Tales of Horror and the Supernatural Volume 1 by Arthur Machen, containing the following stories: "The Great God Pan", "The Inmost Light", "The Shining Pyramid", "The White People", and "The Great Return" (This edition 1948): Arthur Machen remains one of the ten or so greatest and most influential horror writers who ever lived, more than 100 years since his greatest works were published. Both scientifically inclined and mystical in nature, Machen combined these two traits in stories that expanded upon the philosophical and scientific speculations of Mary Shelley's Frankenstein.
This collection, long out of print, has been supplanted by more complete assemblies of Machen's greatest work. Nonetheless, four of the stories are among the prolific Machen's finest horror stories, while the fifth, the later "The Great Return", shows Machen's later-career move into non-horrifying Catholic mysticism.
"The Great God Pan" and "The White People" are the two titanic stories here. The first concerns a scientific experiment meant to bridge the gap between the material and immaterial world. To do so, the scientist performs a brain operation on a woman. All kinds of Hell result, though it takes decades for the full horror of the experiment to be revealed.
Collapsing the spiritual realm into the physical realm creates a being of sinister potency, and the novella explores not only the nature of evil, but what might be called the evil of nature in certain circumstances: the amoral physical universe is not something to be contemplated without some form of philosophical or ideological buffer between humanity and The Massive.
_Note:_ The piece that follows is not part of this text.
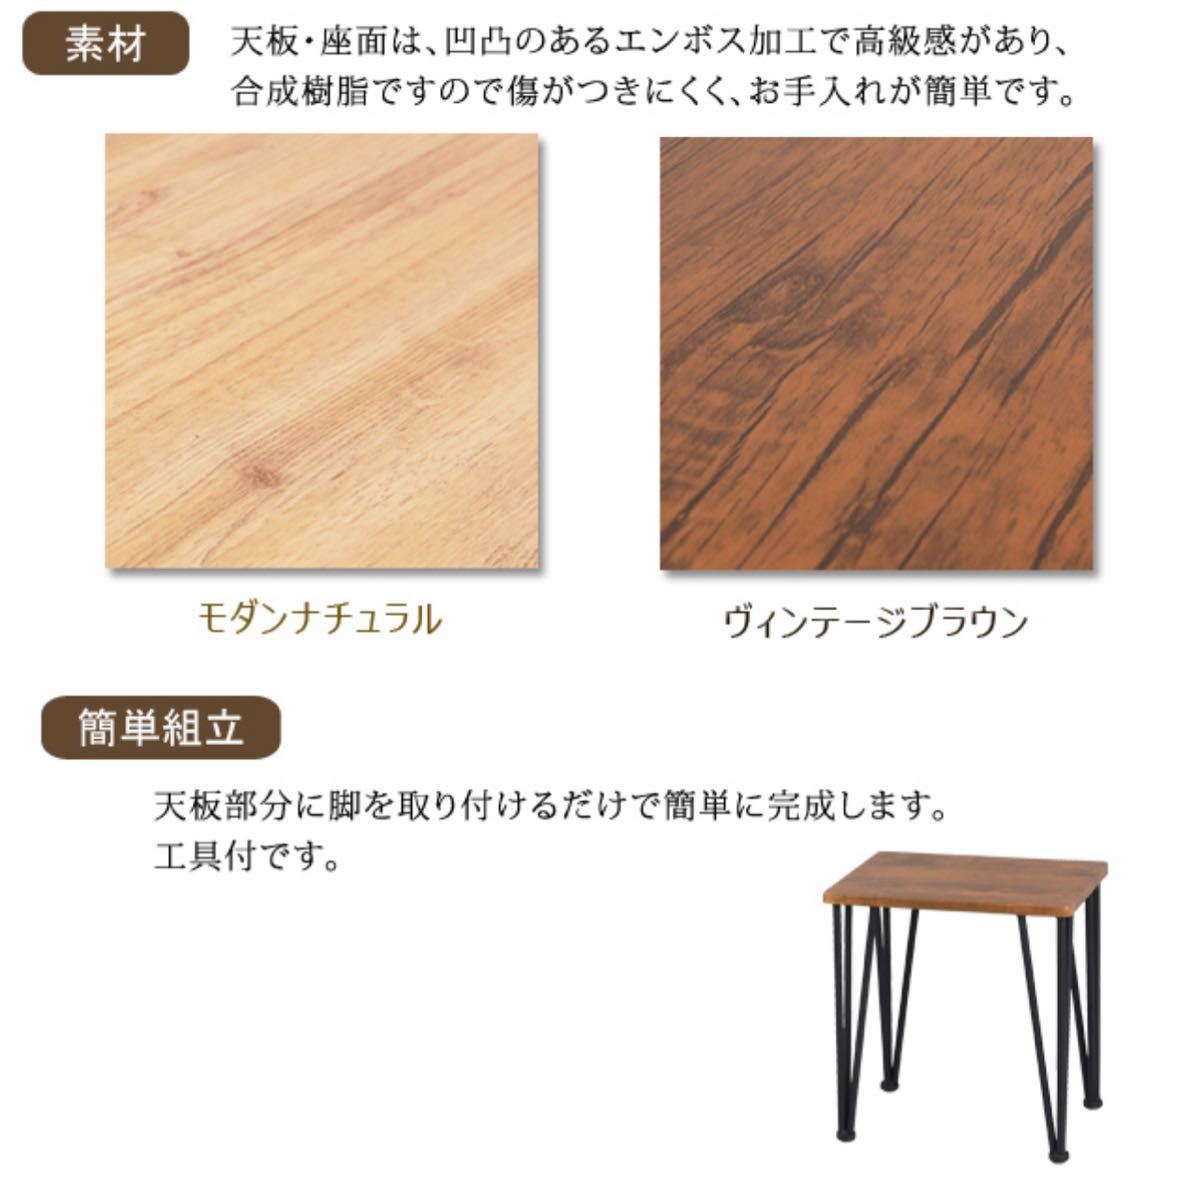 【送料無料】ダイニング3点セット テーブル 机 チェア 椅子 ブラウン 木目調_画像4

Madness and self-destruction await those who confront the creature born of the experiment: traditionally, those who see the Great God Pan, die.
"The White People", framed by the drawing-room conversation of two men on the nature of true evil, is a stylistic tour-de-force. The main narrative takes the form of a teen-aged girl's journal. Educated from the age of three by a nanny who appears to practice some fairly disturbing witchcraft, the girl moves further and further into the realms of Faery -- the eponymous White People.
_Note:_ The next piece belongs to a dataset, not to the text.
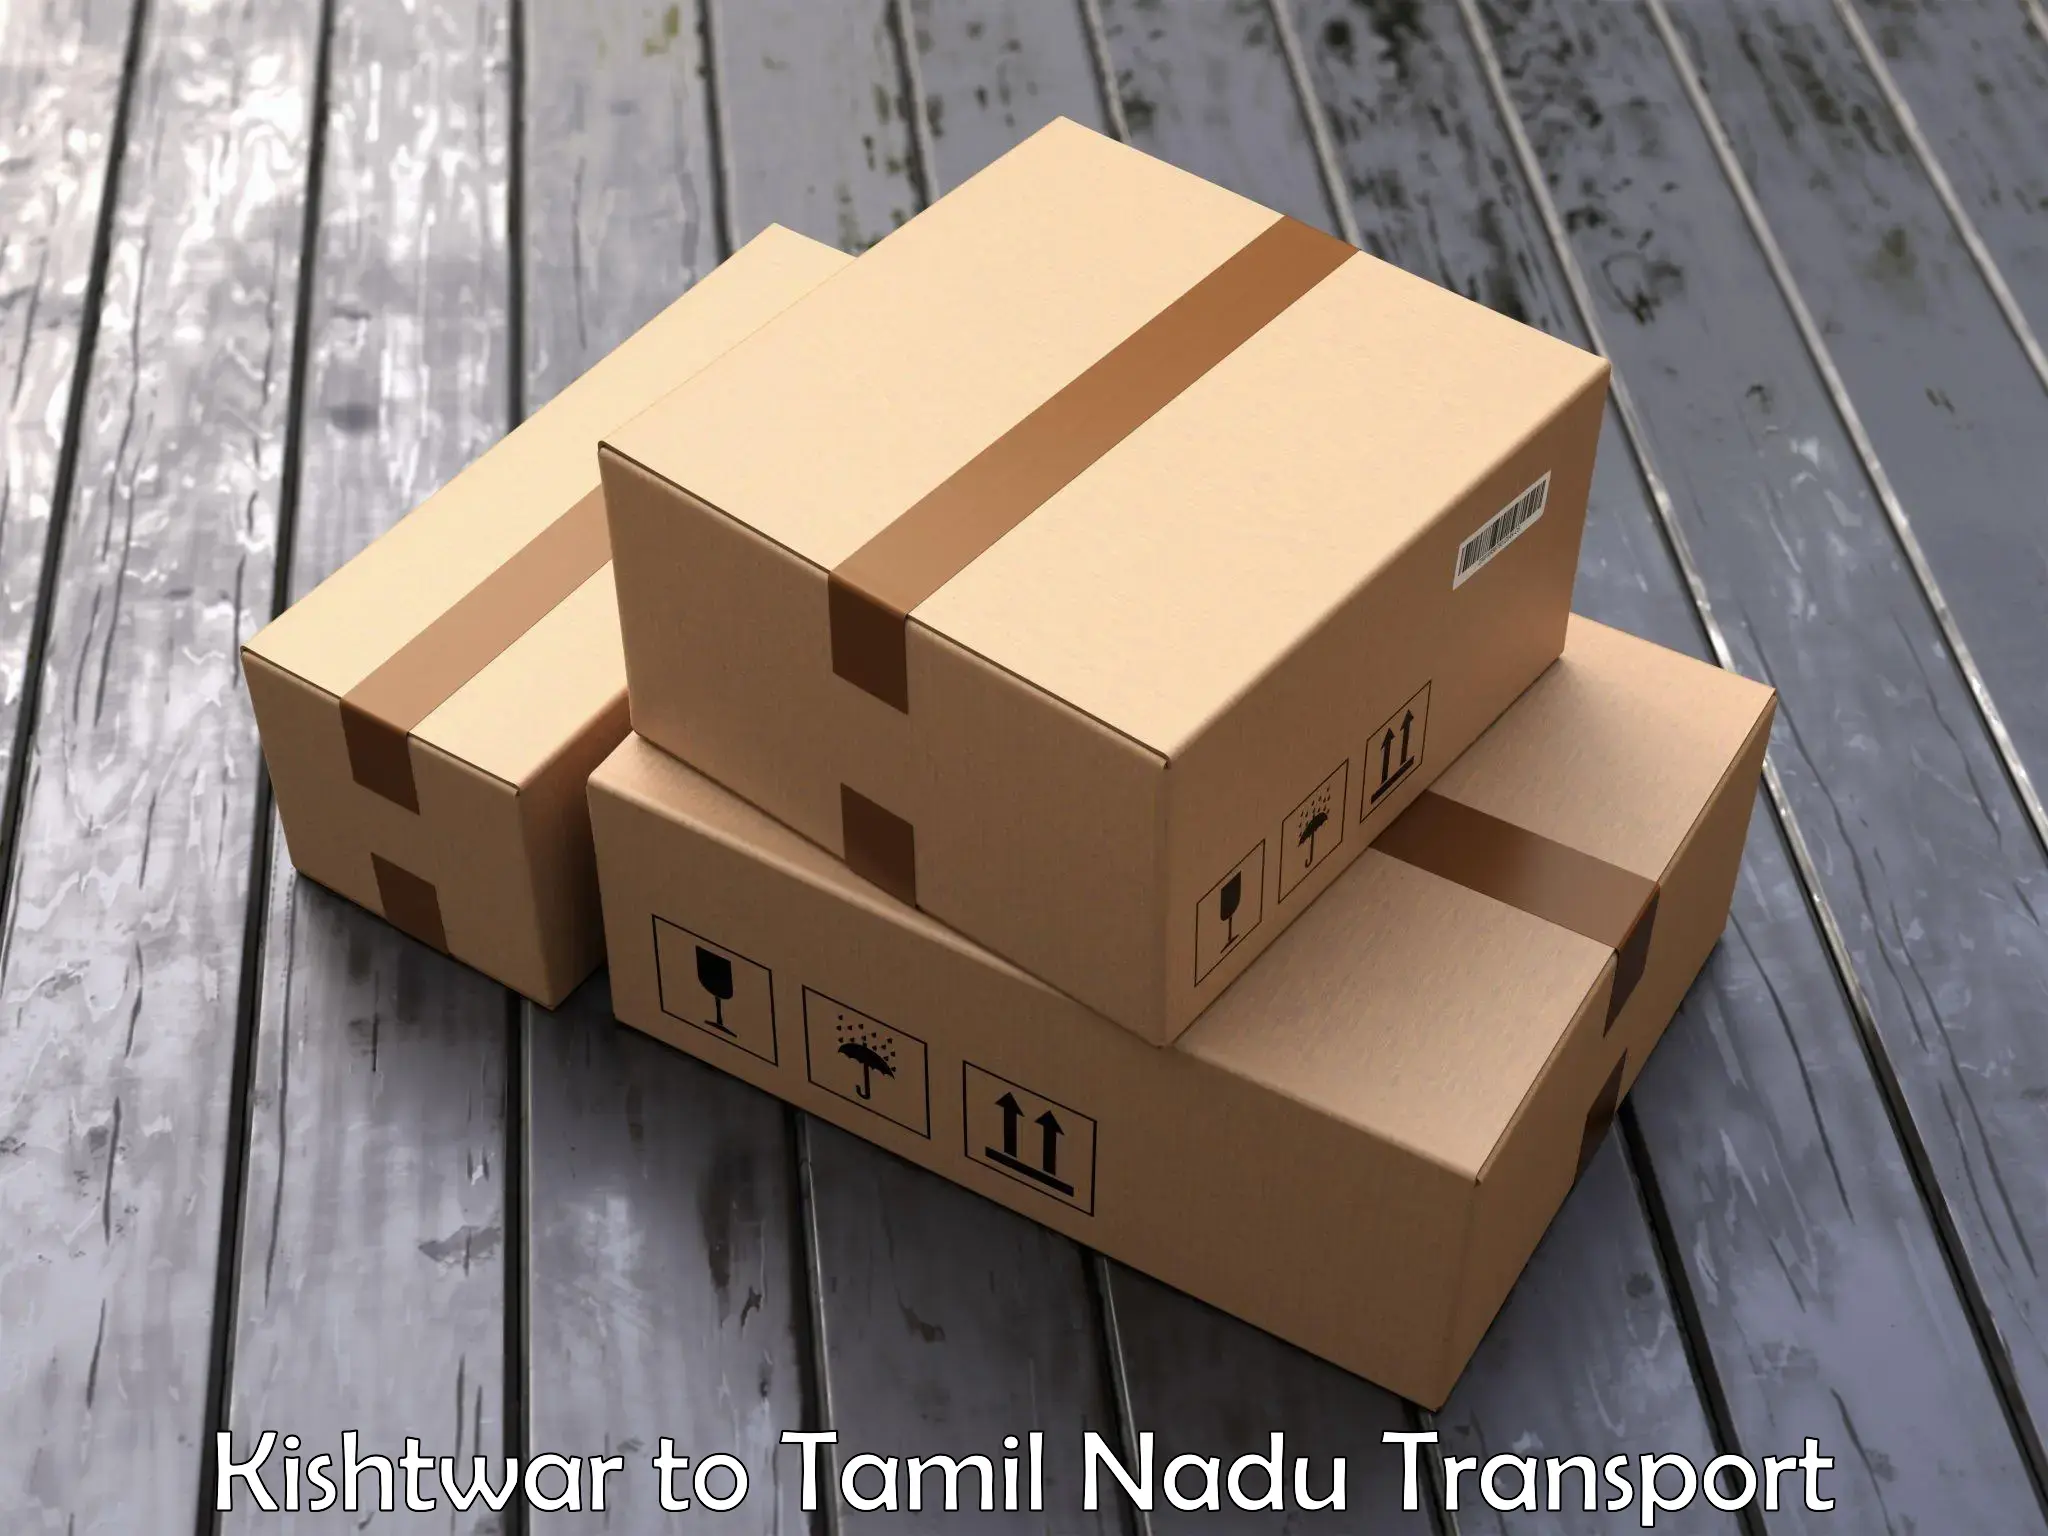 Goods delivery service Kishtwar to Ottapidaram

The journal works its horrors in a number of subtle ways. The girl's impressions of the disturbing things going on around her are those of a naive innocent, thus leaving certain surmises about what's actually happening to the reader's imagination and deductive abilities. It's brilliantly and sensitively written -- the girl is one of the most heart-breaking narrators in horror fiction by the end of the story -- and the frame narrative, with her story recollected in tranquility, adds an extra layer of verisimilitude and philosophical depth.
Added to these things is a trope that writers such as H.P. Lovecraft would explore more fully -- the story repeatedly refers to rituals and concepts without ever explaining what they truly are. Terms such as 'Aklo' and 'voorish' and 'dhols' would show up in the work of other writers, as would the overall concept of fictional rituals and terms. The great T.E.D. Klein would go so far as to posit "The White People" as a dangerous supernatural text in its own right in his sublime 1984 novel The Ceremonies. There are the White Ceremonies, the Green Ceremonies, and the Scarlet Ceremonies...
Besides the joyful "The Great Return," in which the Holy Grail brings hope to the Welsh during World War One, we also get "The Shining Pyramid," with sinister doings in the countryside and sinister hidden races, and "The Inmost Light," which works as a companion piece to "The Great God Pan." Machen's potent combination of cosmic musings, philosophical enquiry, and mythologies both real and fictional would show the way for many writers to follow. H.P. Lovecraft and his 'disciples' would owe a lot to Machen, and Lovecraft himself praised Machen's work extravagantly in his essay "Supernatural Horror in Literature." He's an indispensable part of the history of horror literature. Because sometimes you really don't want to know what a "wicked voorish dome in Deep Dendo" is, yet you sort of do. Highly recommended.